The tunnel is the centerpiece of the Koralpe railway, a new 130-kilometer route that will directly connect Klagenfurt and Graz. This route is a crucial segment of the Baltic-Adriatic freight corridor, one of the priority axes of the Trans-European Network system, connecting Poland to the Adriatic with terminals at the ports of Trieste, Venice, Ravenna, Ancona, and Koper. By the end of 2025, with the full Koralmbahn completed and in operation, only one piece will remain—the Semmering base tunnel—to enhance and modernize the entire central Austrian corridor, a significant leap forward for freight transport with Eastern Europe.
According to current forecasts, it will take another five years to open the Semmering tunnel, which runs between Gloggnitz in Lower Austria and Mürzzuschlag in Styria. There too, a 27.3-kilometer-long base tunnel is under construction, which will replace the historic railway built in the mid-1800s by Italian engineer Carlo Ghega (who, for pragmatic reasons, preferred to be called Karl von Ghega). At the time, this line was considered a masterpiece of mountain railway engineering (now a UNESCO heritage site), but it has since become outdated and unsuitable for current traffic, particularly freight, due to steep gradients and tight curves, as well as tunnels that cannot accommodate large intermodal trains.

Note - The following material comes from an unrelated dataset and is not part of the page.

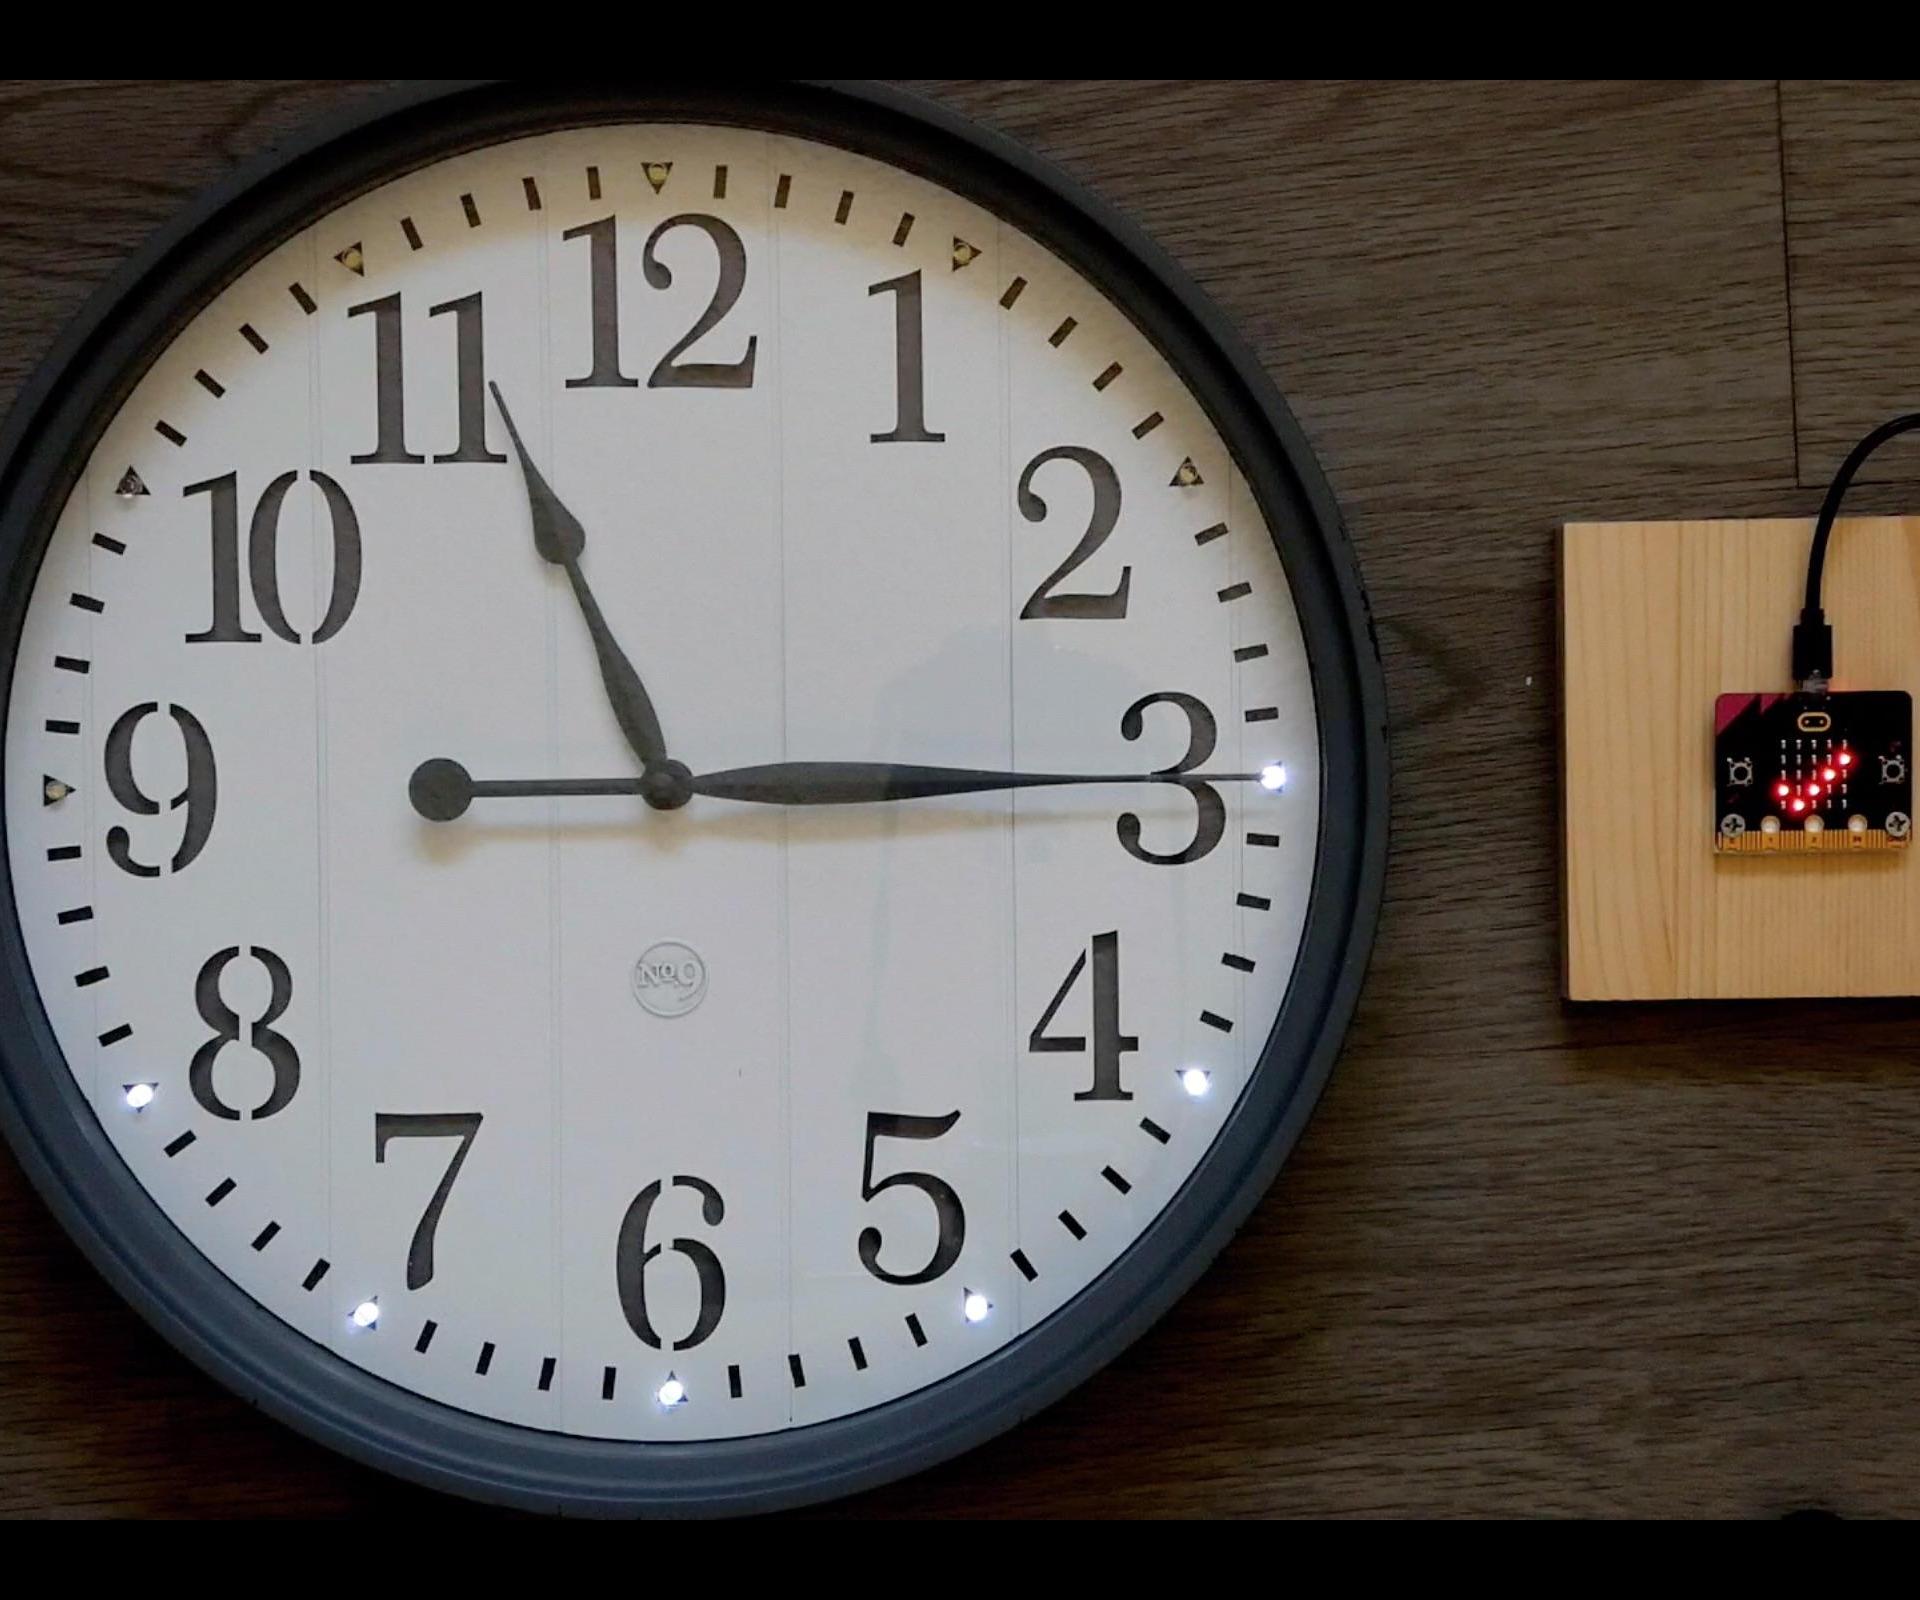 Modified Wall Clock With Pomodoro Timer

Returning to the Koralpe project, the excavation of the Koralm base tunnel began simultaneously from both the Carinthian and Styrian sides in 2011. Only upon the completion of this tunnel will the full route between Klagenfurt and Graz come to life, as a railway along this axis has never previously existed, unlike other regions such as Brenner, Gotthard, or Fréjus, where base tunnels provide a high-capacity, faster alternative to existing historic railways. Besides the base tunnel, the new Koralm railway also features numerous other structures, including over one hundred bridges and overpasses, as well as several smaller tunnels spanning a total of 17 kilometers—all of which are largely nearing completion.